Exercise prompt: Would you please copy the part of the material below that opens with the line containing "Method and apparatus" and closes with the line containing "Red-headed Bunting, from"? Copy it exactly, and only it.

Data for the task:
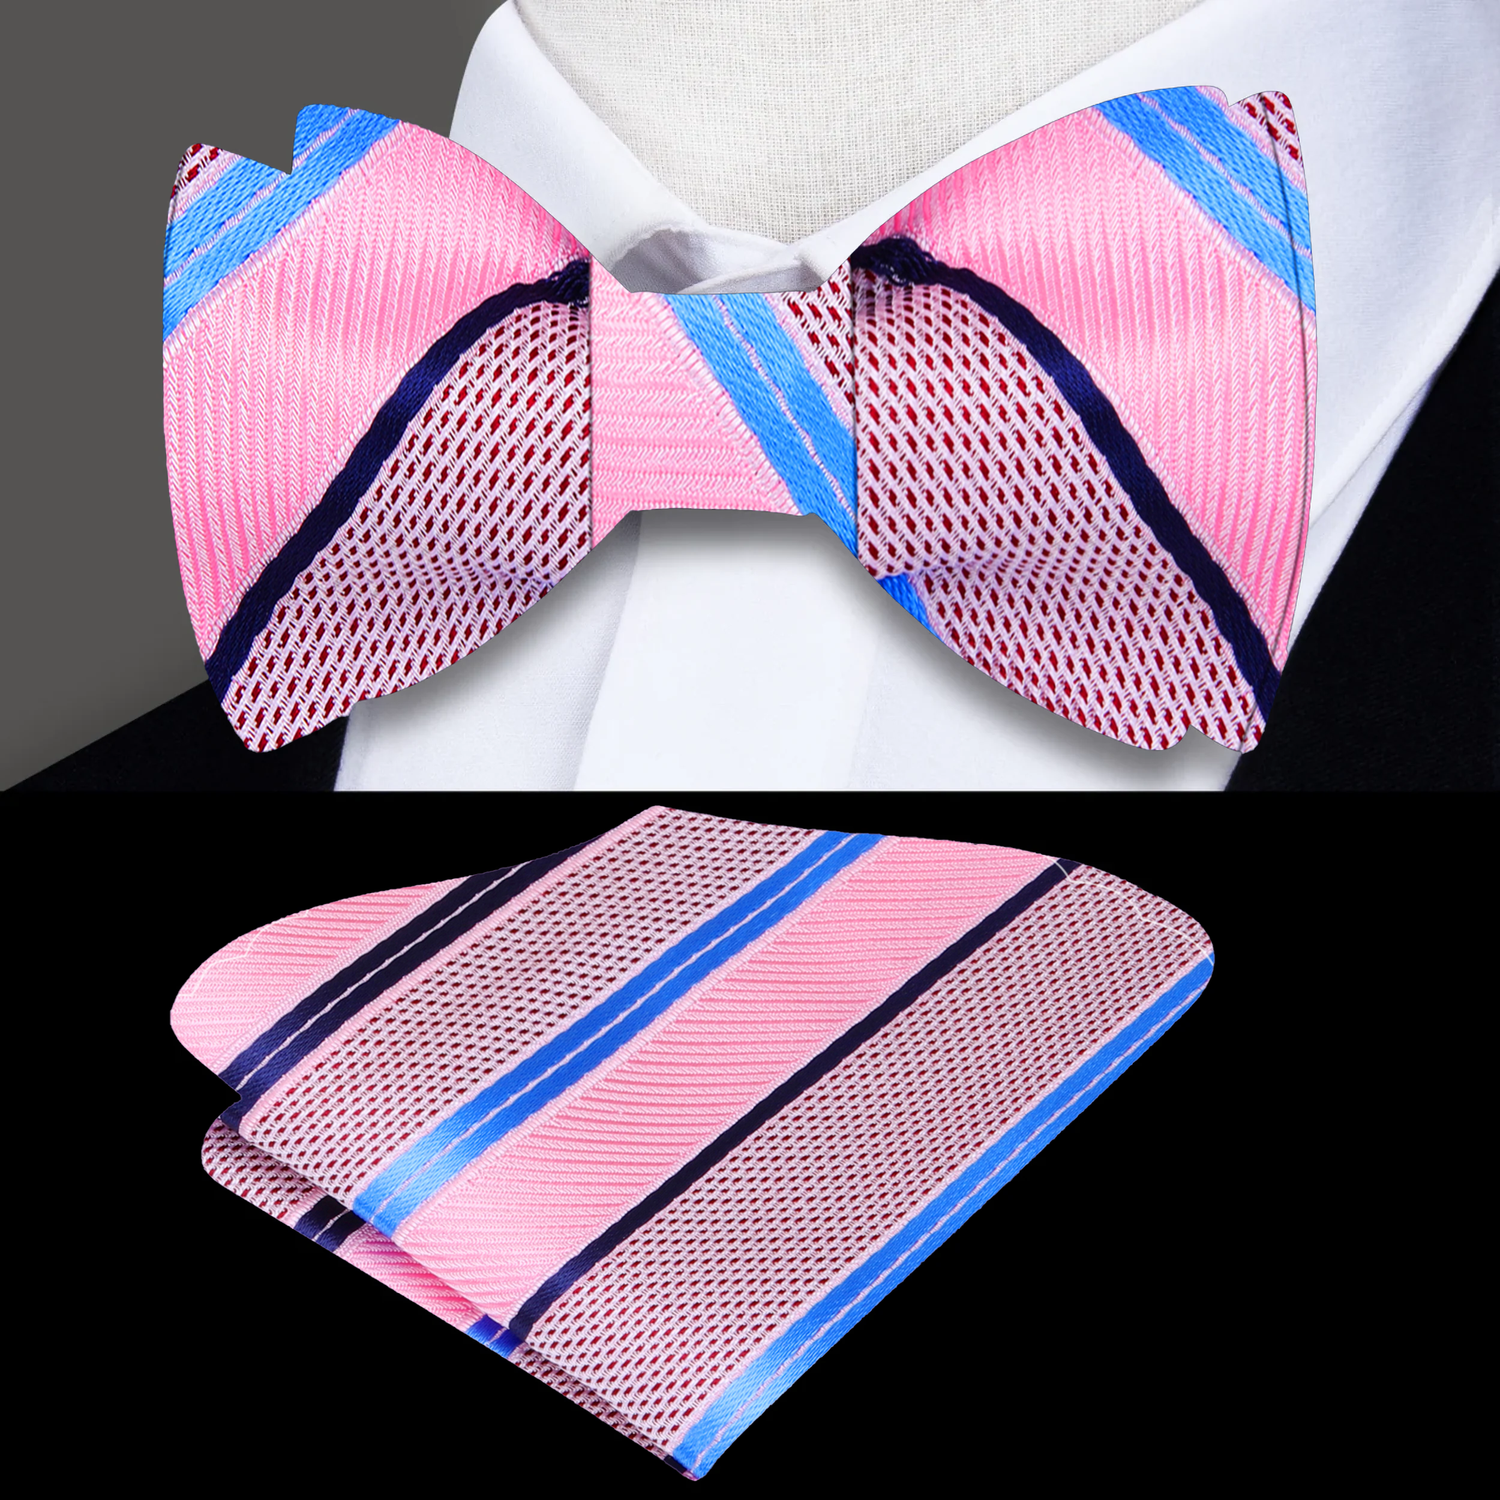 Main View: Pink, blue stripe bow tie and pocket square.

...

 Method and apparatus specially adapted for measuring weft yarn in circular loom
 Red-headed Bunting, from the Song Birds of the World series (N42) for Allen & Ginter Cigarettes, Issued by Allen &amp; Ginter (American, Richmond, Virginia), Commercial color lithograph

==

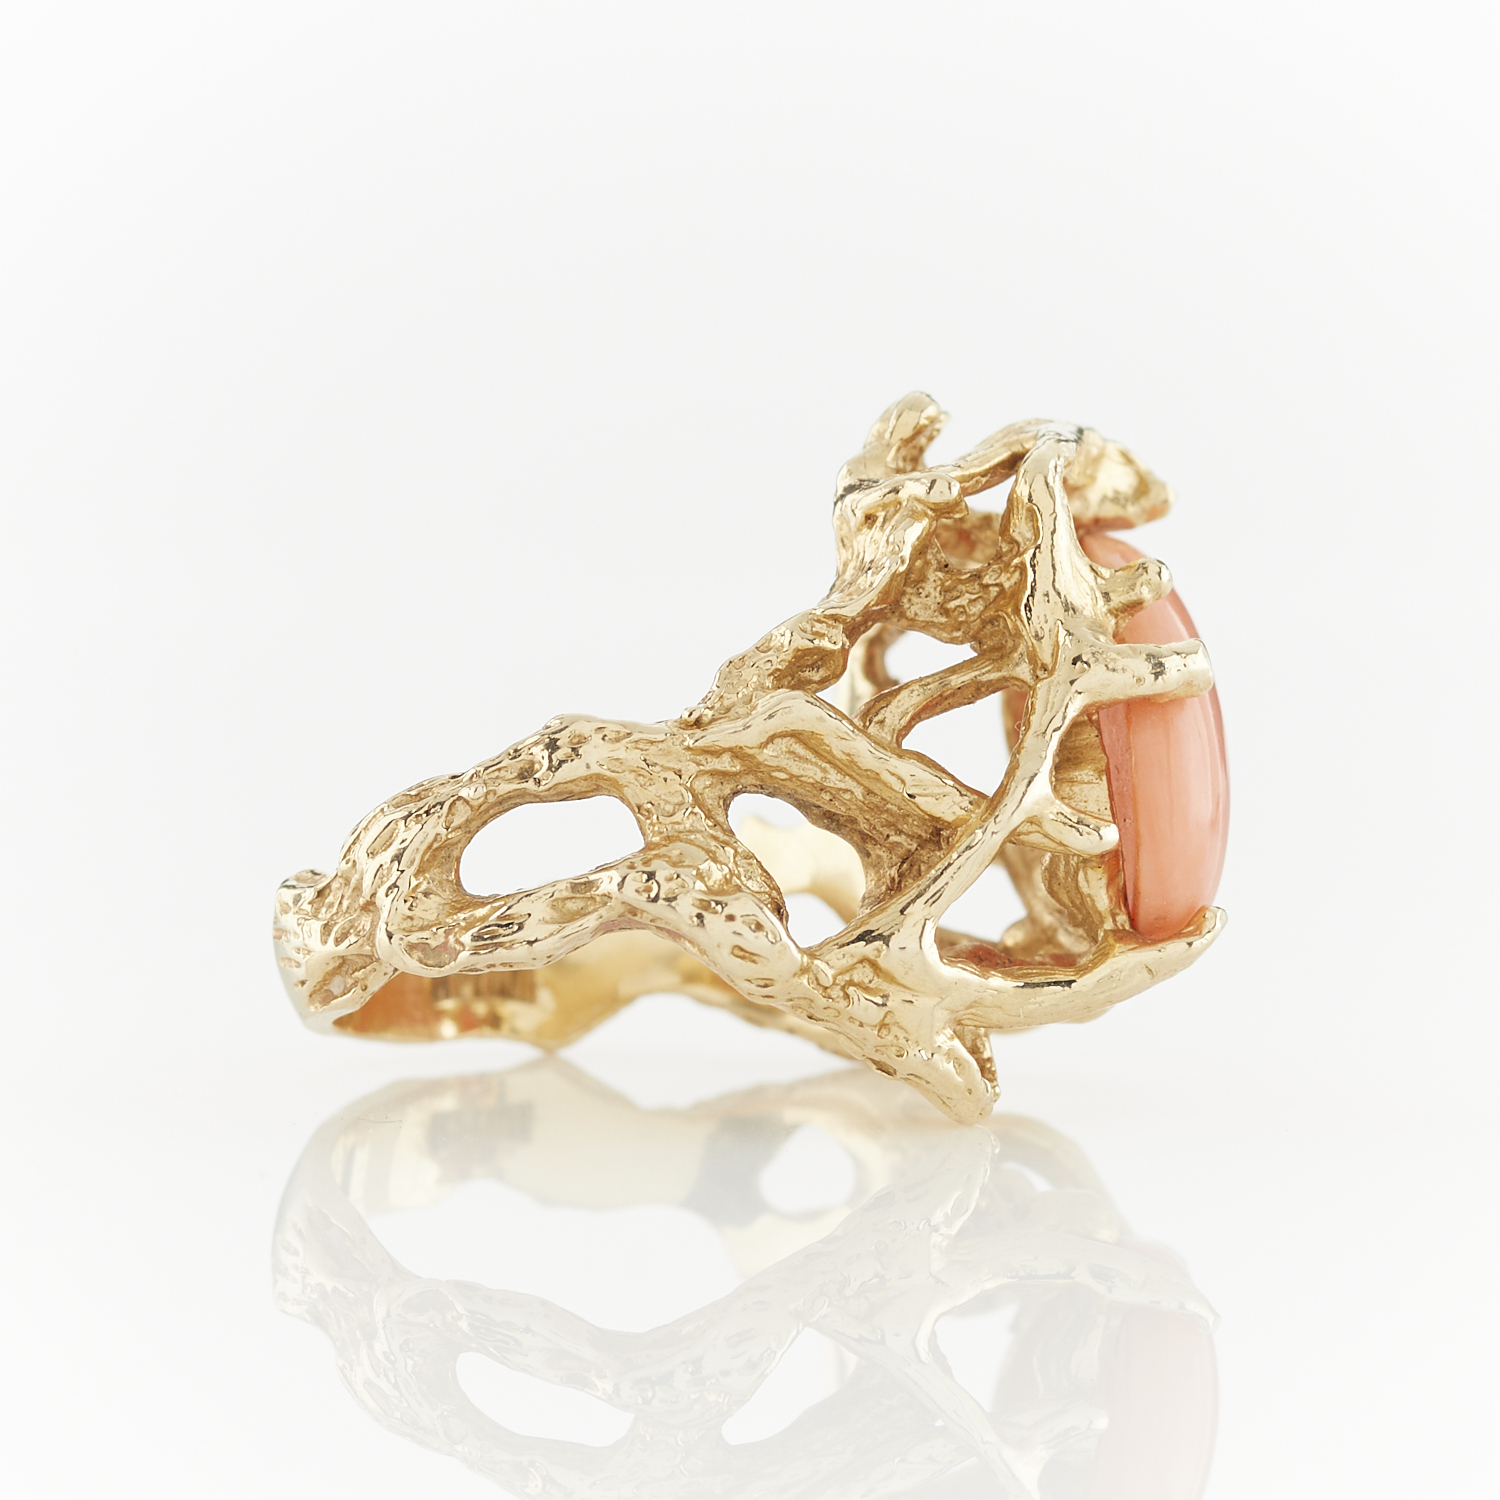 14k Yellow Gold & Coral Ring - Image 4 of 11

Final answer:
 Method and apparatus specially adapted for measuring weft yarn in circular loom
 Red-headed Bunting, from the Song Birds of the World series (N42) for Allen & Ginter Cigarettes, Issued by Allen &amp; Ginter (American, Richmond, Virginia), Commercial color lithograph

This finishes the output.